* _Records for this exercise_
==================================================

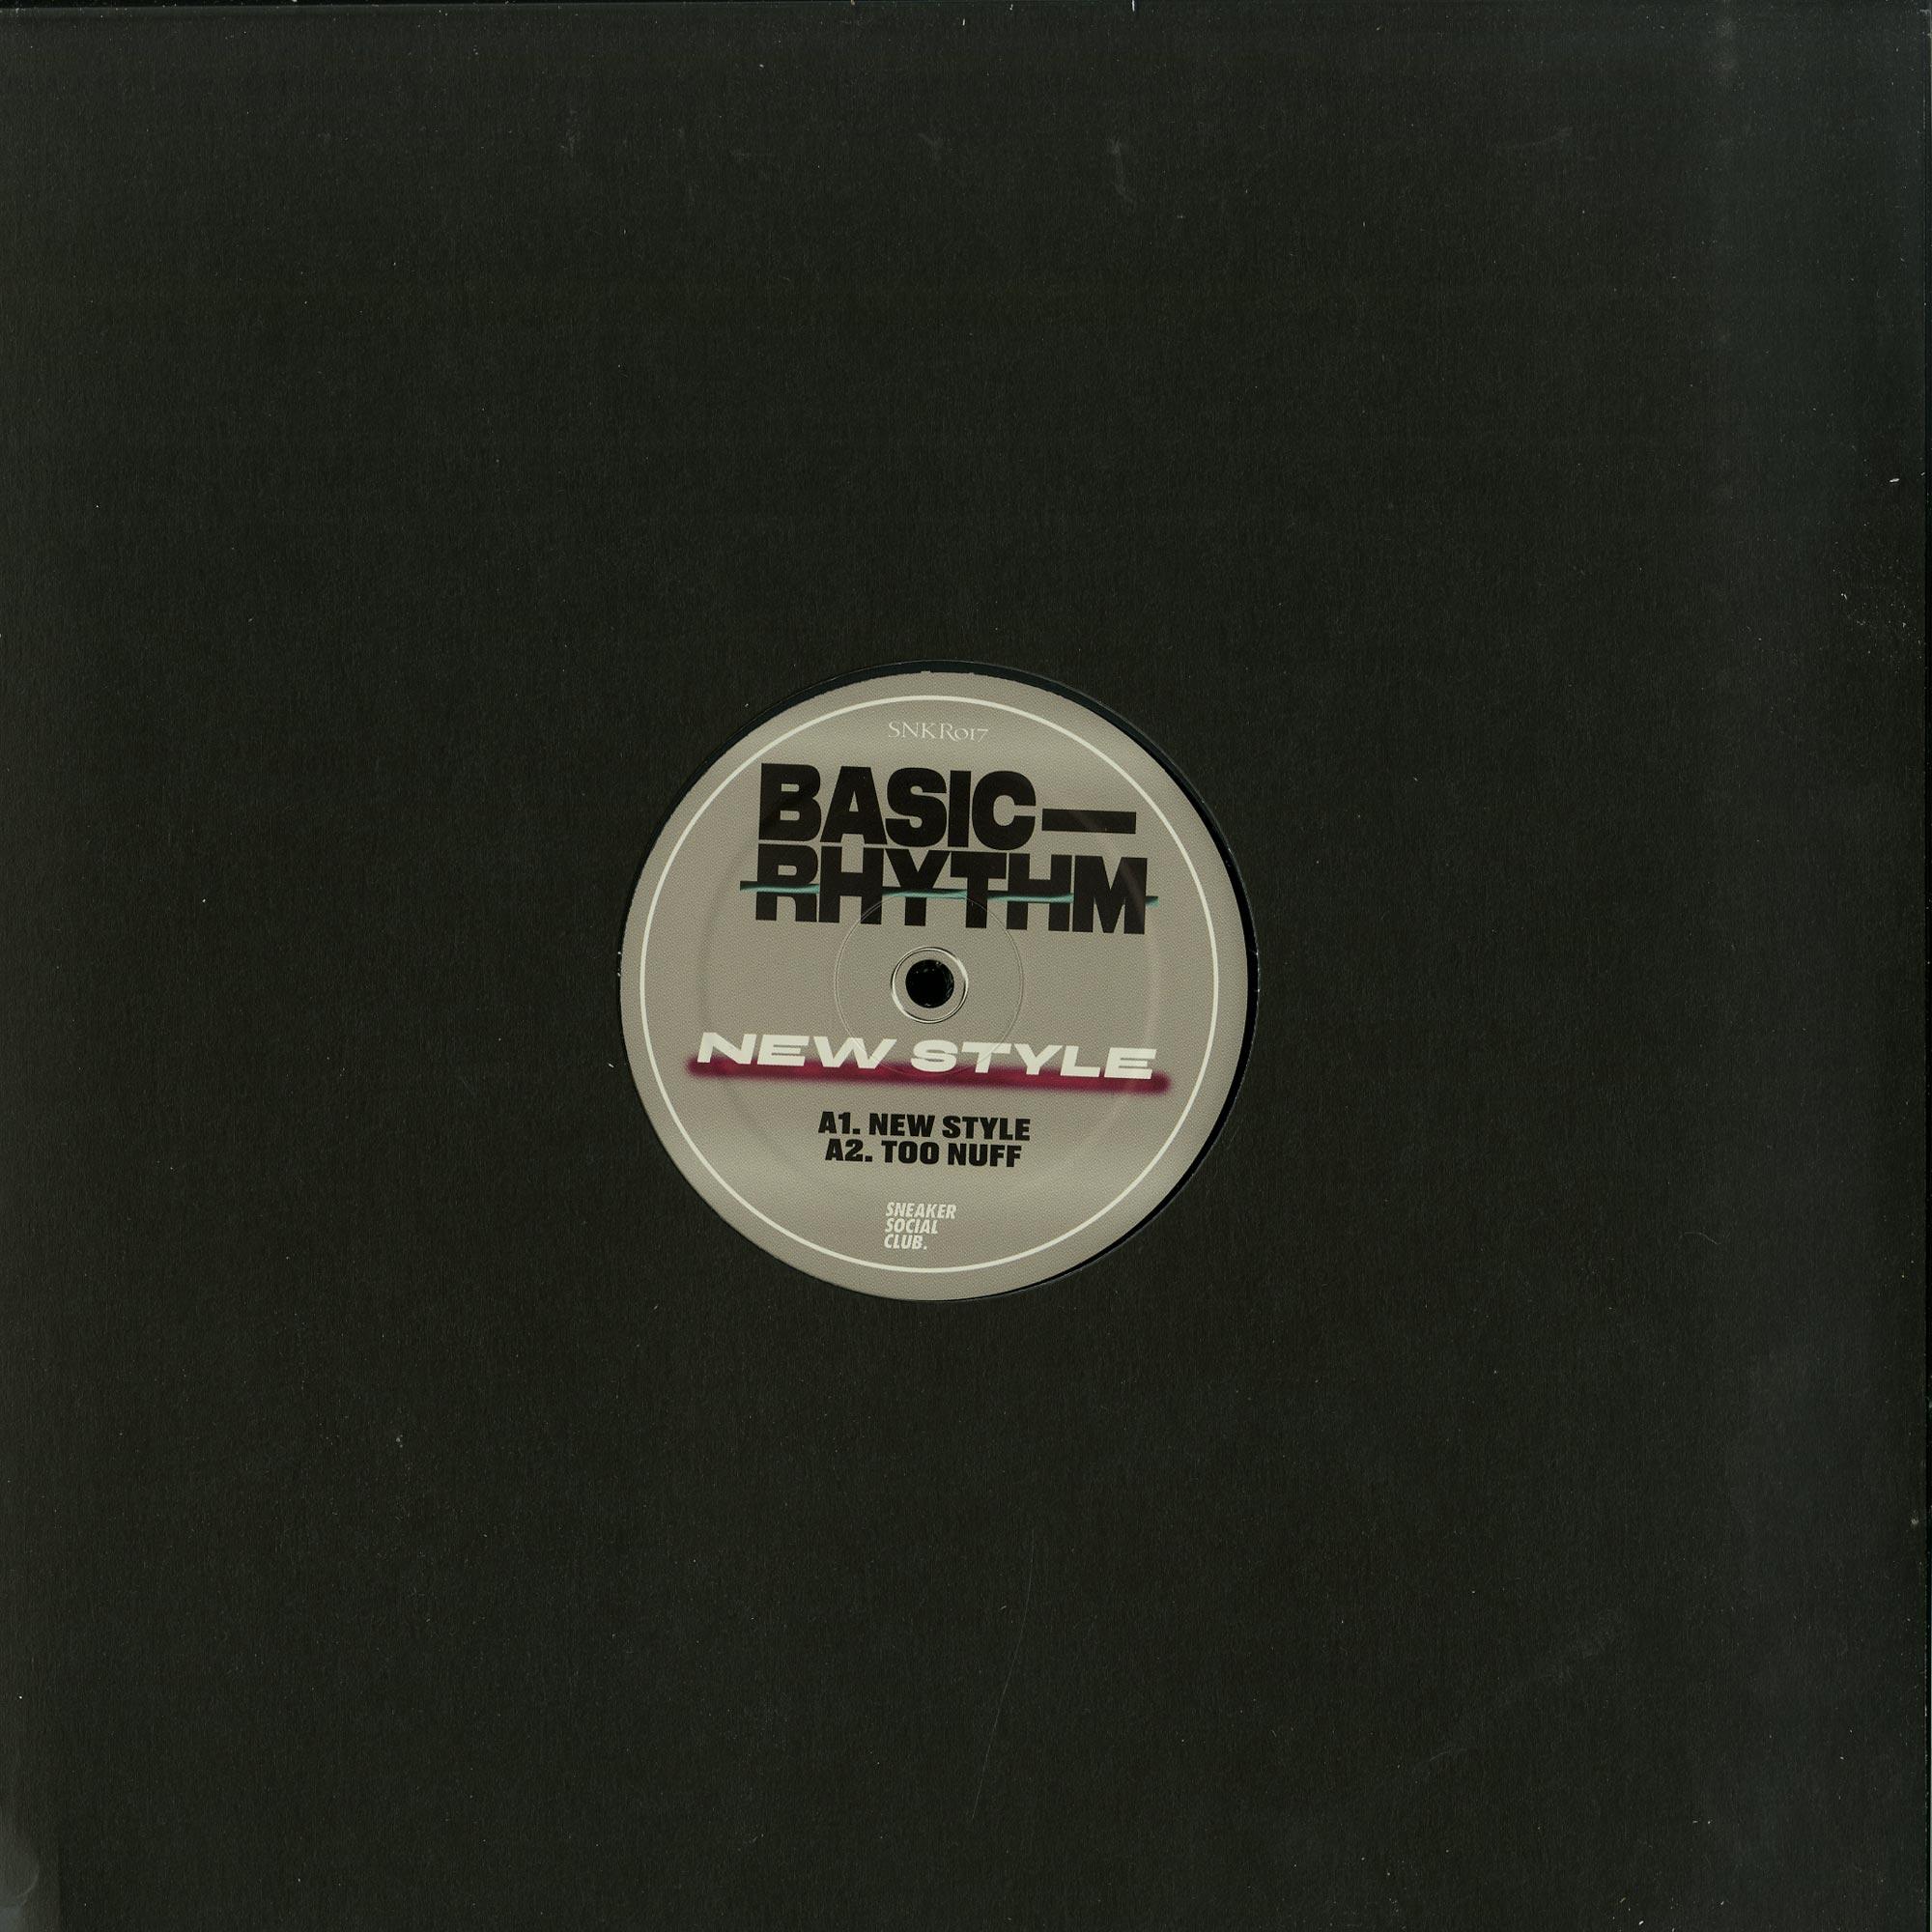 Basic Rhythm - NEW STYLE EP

==================================================

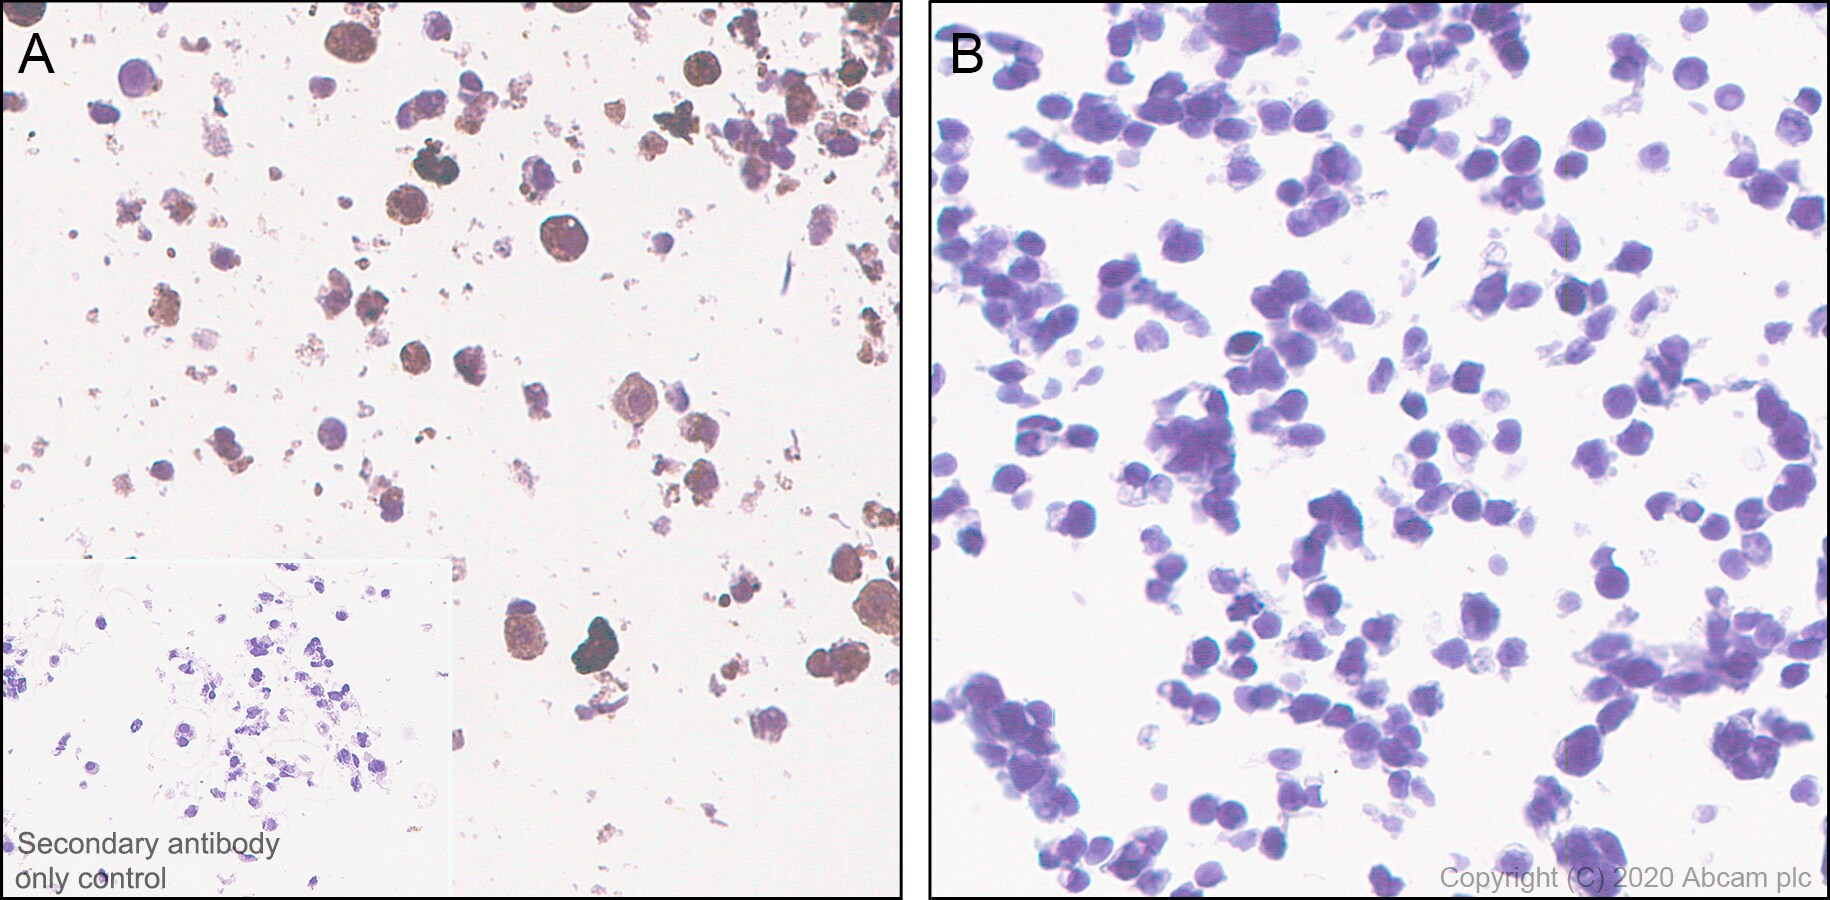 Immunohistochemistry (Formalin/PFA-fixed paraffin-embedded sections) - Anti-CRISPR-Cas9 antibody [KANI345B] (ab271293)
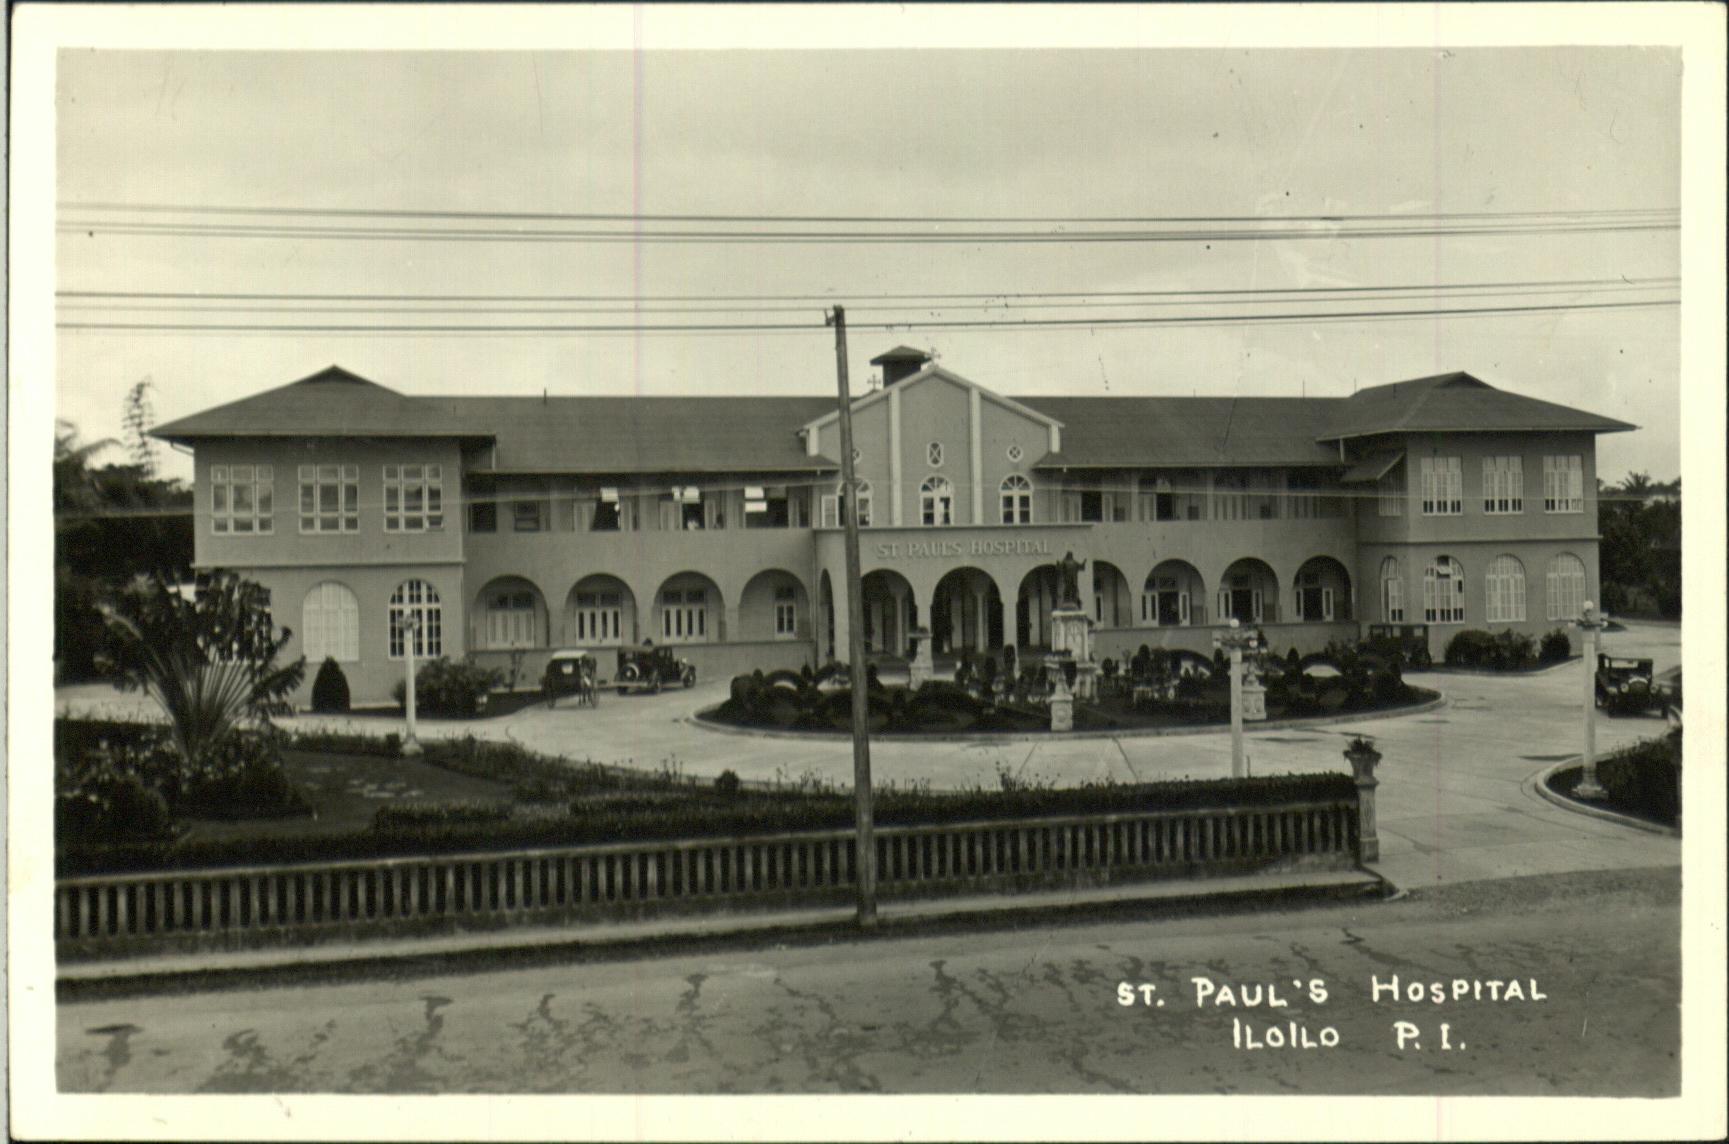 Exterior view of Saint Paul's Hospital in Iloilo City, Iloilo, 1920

==================================================

* _What is needed_
Transcribe, word for word, the stretch of lines in the data above from the one with "Immunohistochemistry (Formalin/PFA-fixed paraffin-embedded" through the one with "Exterior view of"; omit all pictures.

* _Response to the task_
 Immunohistochemistry (Formalin/PFA-fixed paraffin-embedded sections) - Anti-CRISPR-Cas9 antibody [KANI345B] (ab271293)
 Exterior view of Saint Paul's Hospital in Iloilo City, Iloilo, 1920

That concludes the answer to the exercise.